The allegory of the cave is probably the most famous of all the passages in The Republic. It is being used to show the difference between the world of senses and the world of forms. Forms are immutable and timeless, unlike what we see/feel/sense in the actual world, which are shadowy, unreliable reflections of their Forms. Plato believes that humans can never really 'see' the Forms, but there are some that are able to 'see' them more clearly than others.
The allegory he uses in the cave is that the prisoners who are chained to the wall and forced to watch the shadowy figures and scenes that can be seen through a curtain - the shadowy figures (which we know are not real), becomes their view of reality.

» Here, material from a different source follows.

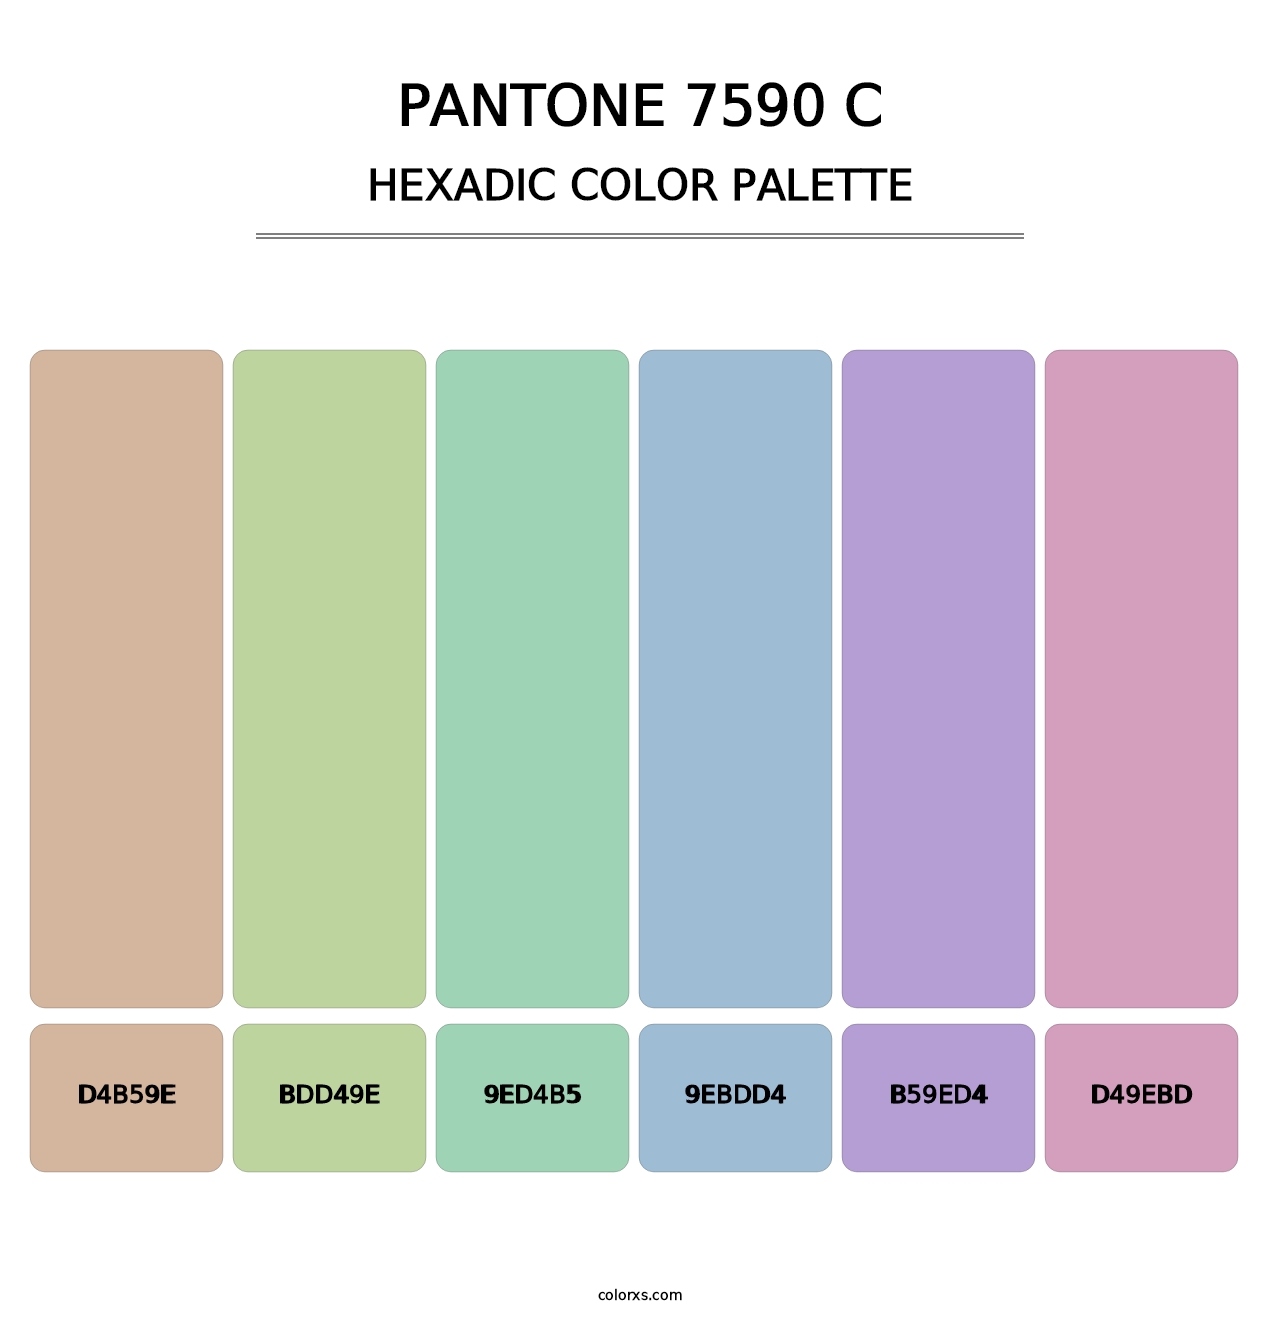 PANTONE 7590 C - Hexadic Color Palette

If a prisoner was released and forced to see the 'real' world as we know it, the brilliance of it would be painful and difficult for the prisoner to understand. At first the man would want to return to the cave and the comfort of his own reality, but once he became used to it he would eventually realize that he had been living a life of illusion in a world that he didn't even know that the sun existed. He may go back and try to teach his fellow prisoners about his new reality, but if he attempted to release them to experience what they would see as madness, they would try to kill him.
He uses this allegory to explain why philosophers are so often mocked, they have had a glimpse of the Forms and the people that they are trying to explain those ideas to find it incomprehensible. Most people are stuck in the shadowy world of the senses, like the prisoners are in the cave.
The forms/ideals were what the man in the cave "looked" at when he came out - the sun. This allegory is an education, a paidia, in the way to the ideal.